20' x 12' x 10'
Wood, Drywall, Crystals, Paint, Vinyl Siding, television,
For Sale or Lease explores the interaction between architecture and nature through the bisection of a suburban home by a starry night sky. The homes’ flood lights are triggered by the viewer exploring the intersection of night and home. This artificial light combined with the lights from a television within the house’s interior creates the feeling of an already occupied space, leaving the viewer in the position of voyeur.
"For Sale or Lease" explores the viewer's sense of belonging through an interactive sculpture and photographic installation. The full-scale facade of a suburban house bisects the gallery, approachable and familiar in appearance yet closed-off and protected from the viewer. It is a house that invites yet guards, nurturing inside yet securing from the outside. In "For Sale or Lease," the viewer toes the line between public and private property. They approach, peer, linger, and in the end, wonder: are they looking inside....or out?
"The Best-Laid Plans" exists in the space between mankind's accomplishments and failures, dwelling in a moment of ambiguity. Works in the show reflect an evolving history of construction, industrialism, and humans' relationship to nature, with a nod to post-WWII attitudes and morals. Full-size woodblock prints of chipboard and plywood highlight and celebrate the engineering of nature by human hands. Other pieces, such as "Delivery"--an eight-foot long artillery shell haphazardly dropped onto a grassy suburban lawn--are installations of plans gone awry. Viewers are invited to explore the work from an insider's perspective and draw their own conclusions of success and sacrifice.
“Not Here But There” is an exhibition of new photography and sculptural work by Mark Joseph Oliver. The pieces in this show explore the role that location serves as a monument to the past, present, and future. Viewers can experience a distilled moment in time through partially masked black and white photography of Norwegian landscapes and witness a narrative connecting past and present through the installation “Whale Fall:” a completely white boat skeleton resting on the floor of the gallery. The work is solemn yet serene, the palette a simple black and white and the atmosphere one of quiet reflection of something experienced remotely yet fully. The viewer is invited to share in the observation of a location and a history transported. What changes and what remains?

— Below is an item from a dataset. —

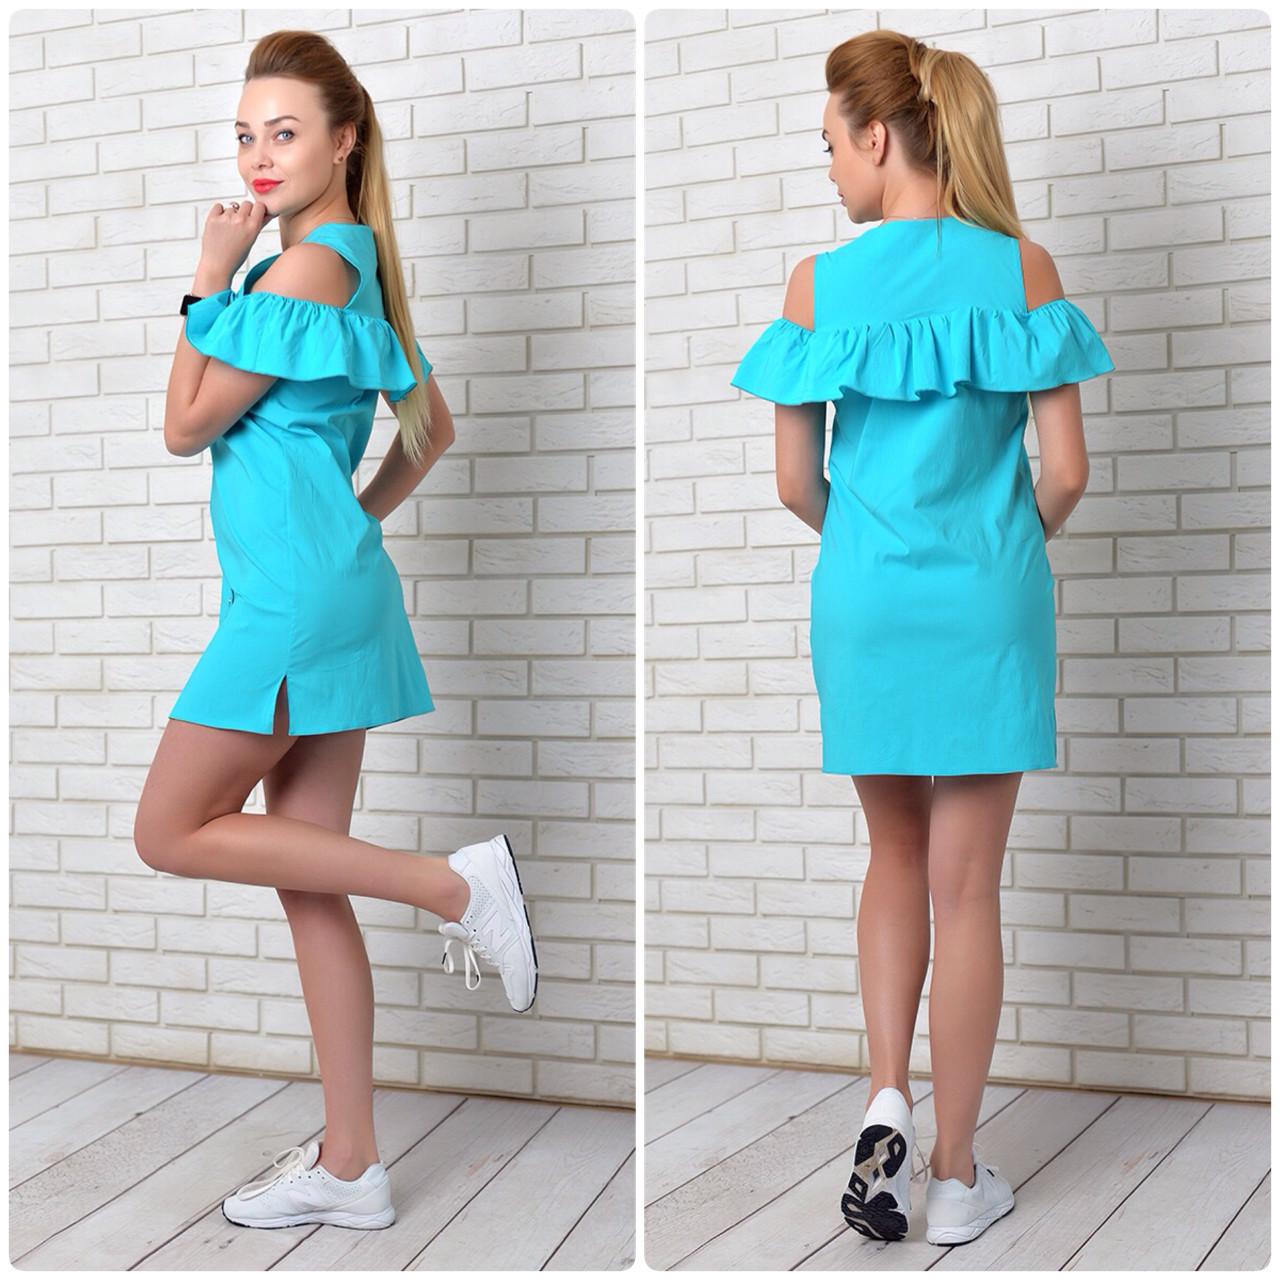 Платье, модель 906, цвет  - голубой

Water, dockwood, pond tarp, grass, pool dye
120’x 24’
Lagoon is a project that is about the transformation of space when bringing the outside world inside. This work takes a normal gallery and transforms it into a dark-watered lagoon. The viewers are invited to take off their shoes and navigate the dark waters. Cold fog rolls out slowly from underneath the dock. As the viewer wades through the water, shimmering reflections cast onto the surrounding gallery walls.